BEST POLITICAL PROTEST
Dignity March
Precipitated by a wave of anti-immigrant hysteria, the peaceful April 9, 2006, march (which happened only days after the publication of last year’s Best of Utah issue) filled State Street with thousands of Latinos and sympathizers—and a few indignant Minutemen. The fact that the self-described “silent majority” of anti-immigrant people were outnumbered 66 to 1 didn’t seem to faze them, but it did show that Latinos in Utah are a political force to be contended with—especially if get-out-the-vote efforts by organizers like Tony Yapias prove successful.
BEST CONSTRUCTION-WORKER HUMOR
EnergySolutions Arena sign
Like Rome, the EnergySolutions Arena sign wasn’t built in a day. While changing it over from the old Delta Center sign, workers made it halfway through the middle word before punching the clock and going home for the day, having painstakingly placed the letters S, L, U and T in the word “Solutions.” Inspiring dozens of cell-phone photographers, the gesture obviously was a loving tribute to S(alt) L(ake) C(ity), UT(ah) … or was it?

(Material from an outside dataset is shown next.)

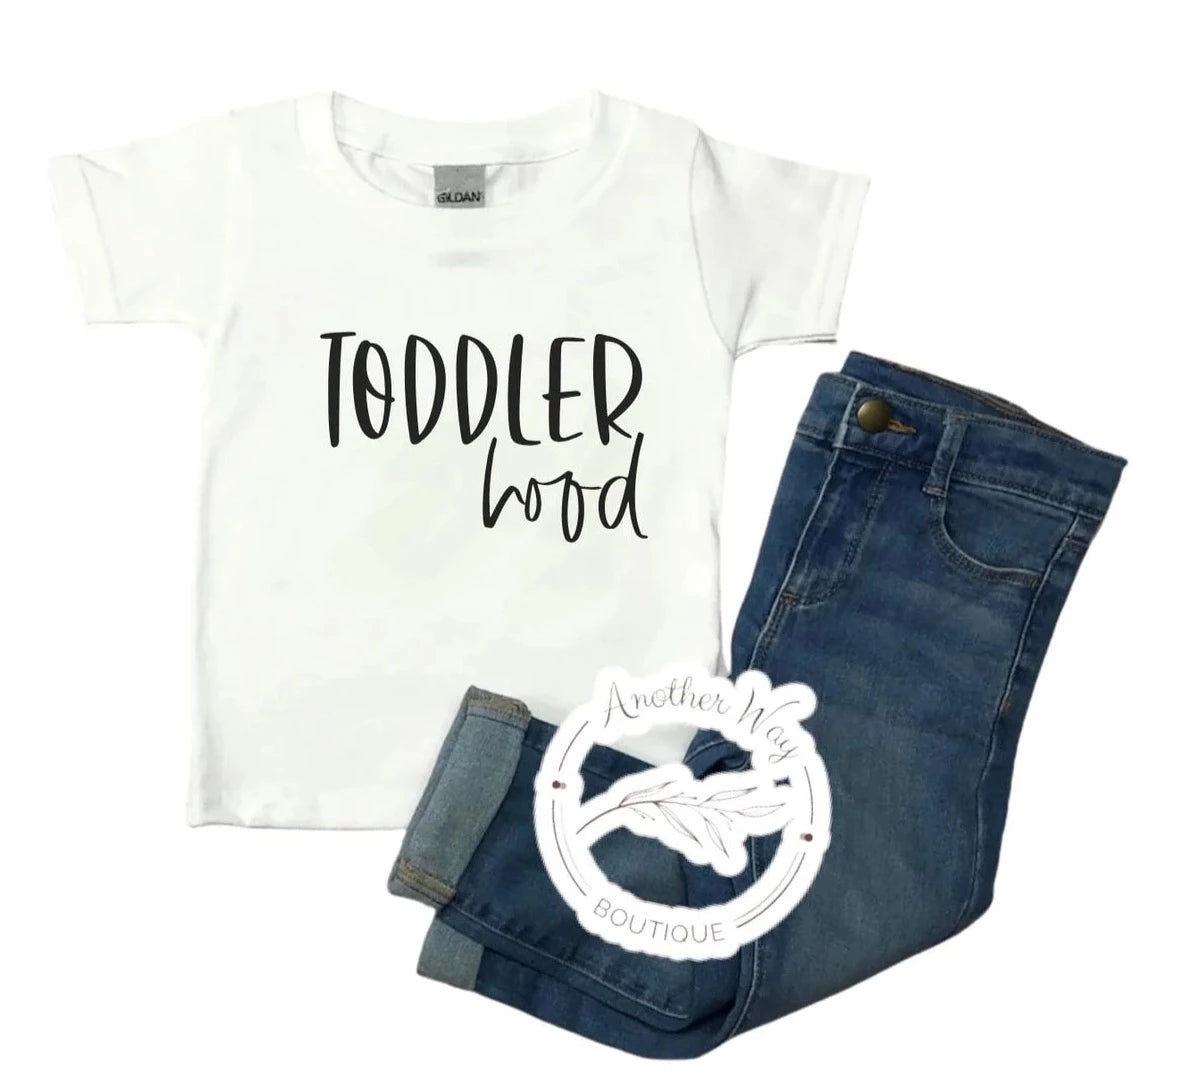 "Toddler hood" - Another Way Boutique

BEST POLITICAL JOKE Readers’ Choice
Sen. Chris Buttars, R-West Jordan
You pretty much know any politician, not just a minor lawmaker in Utah, has touched bottom—excuse the pun—when he starts bothering himself about what consenting adults do to each other’s, ahem, anuses. True, Sen. Chris Buttars wasn’t first to raise the topic of Utah’s sodomy law, already unconstitutional since a 2003 ruling by the U.S. Supreme Court. That was raised by Sen. Scott McCoy, someone Buttars once affectionately called “the gay.” But the fact that Buttars would join other state lawmakers in blocking a public hearing of McCoy’s bill to remove sodomy laws from the books reveals his silly nature. This is, lest we forget, a man who likened evolutionary theory to cats, dogs and the “dat.”